The pregnant LPS treated rats developed many features of human PE (e.g. hypertension, proteinuria, liver and kidney dysfunctions). The mean concentration of Mg(2+) in the magnesium sulfate therapy group (0.86±0.24mmol/L) was significantly higher (p<0.05) than in both the control PE model group (0.61±0.12mmol/L) and the NP group (0.62±0.09mmol/L). The magnesium sulfate therapy group had a significantly (p<0.05) increased latency period (21.7±8.9min) to evoke a full motor seizure compared to both the NP group (4.8±2.2min)and the control PE model group (3.3±1.4min), there being no significant difference (p>0.05) between the latency periods of the NP group and the control PE model group.

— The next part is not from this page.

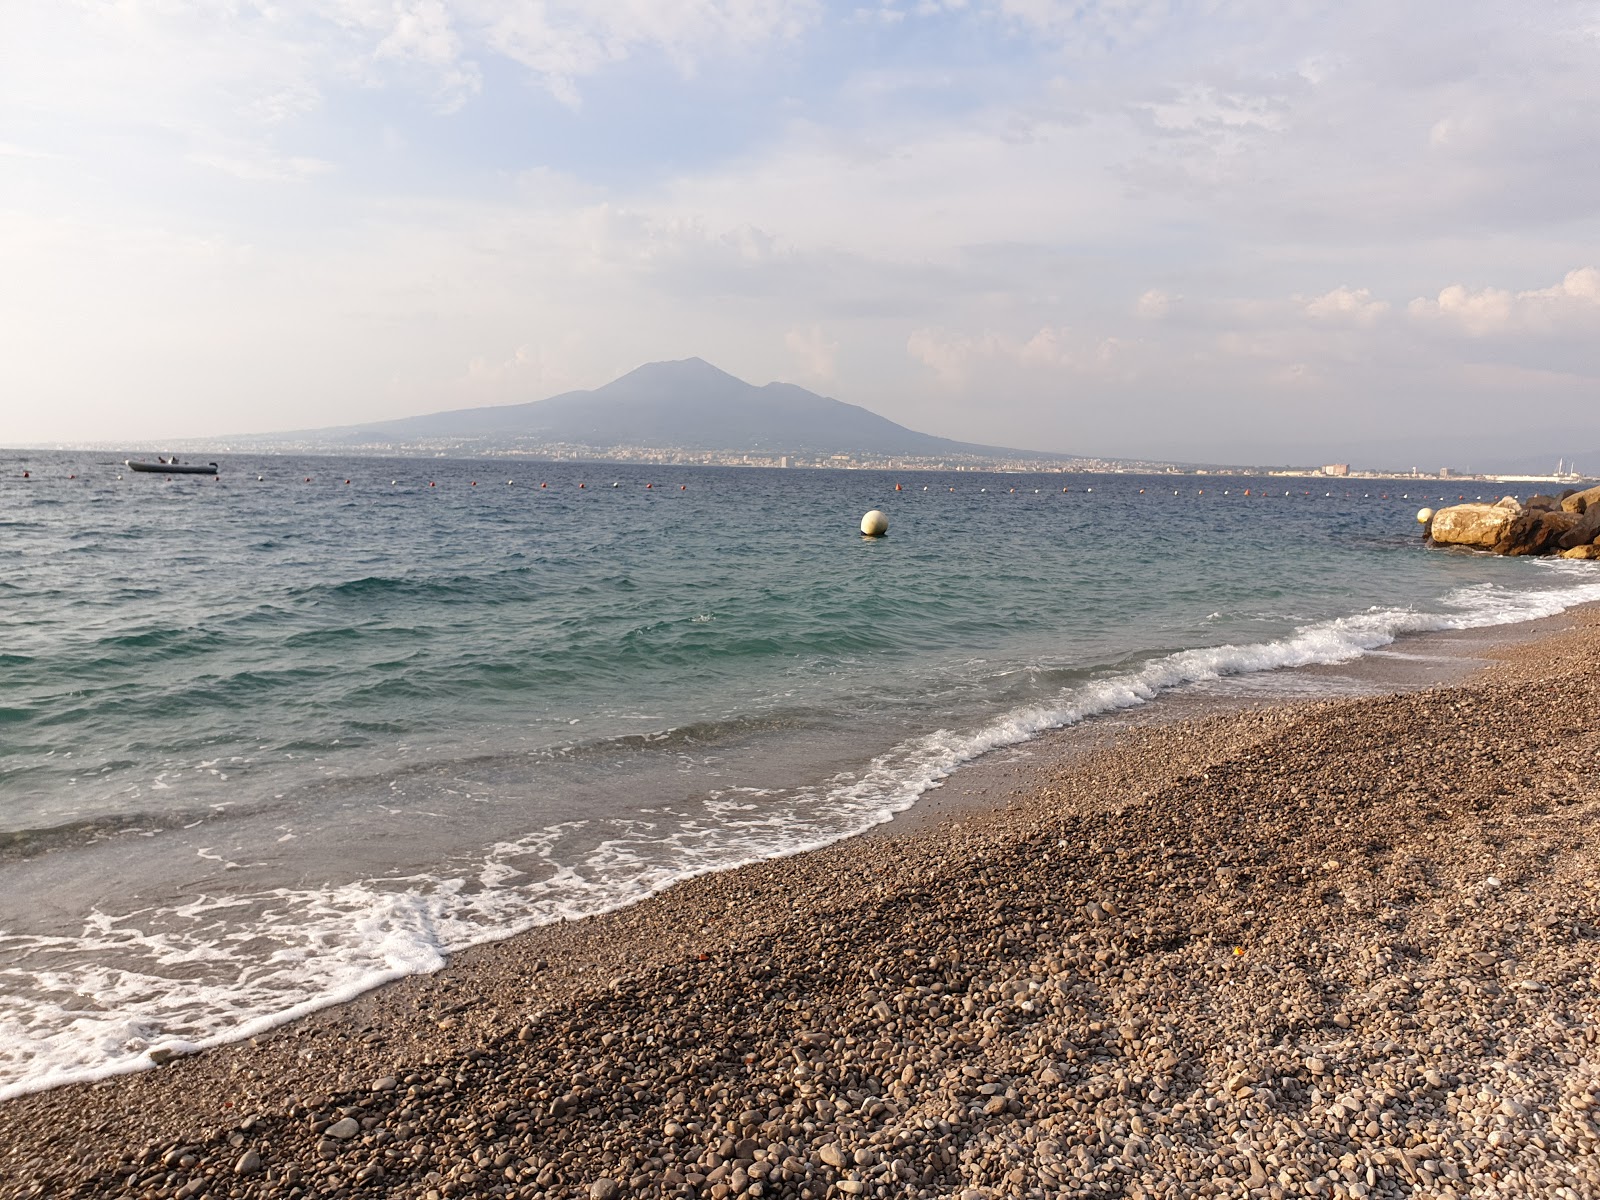 Zdjęcie Pozzano beach z powierzchnią niebieska woda

Overall, the magnesium sulfate therapy regimen completely prevented seizure activity in 3/8 (37.5%) of the treated PE model rats compared to 6/6 (100%) of the NP rats and 7/7 (100%) of the control PE rats. The treated PE model group also had significantly (p<0.05) reduced seizure duration (26±4s) compared to both the NP (40±7s) and the control PE model (45±9s) groups. As well, there was a significantly (p<0.05) shorter EEG seizure amplitude change in the treated PE model group (58±6μv).

CONCLUSION:

In this rat preeclamsia/eclampsia model, the anticonvulsant characteristics of magnesium sulfate have been shown to include significantly increasing seizure latency period, reducing seizure duration and decreasing seizure EEG amplitude.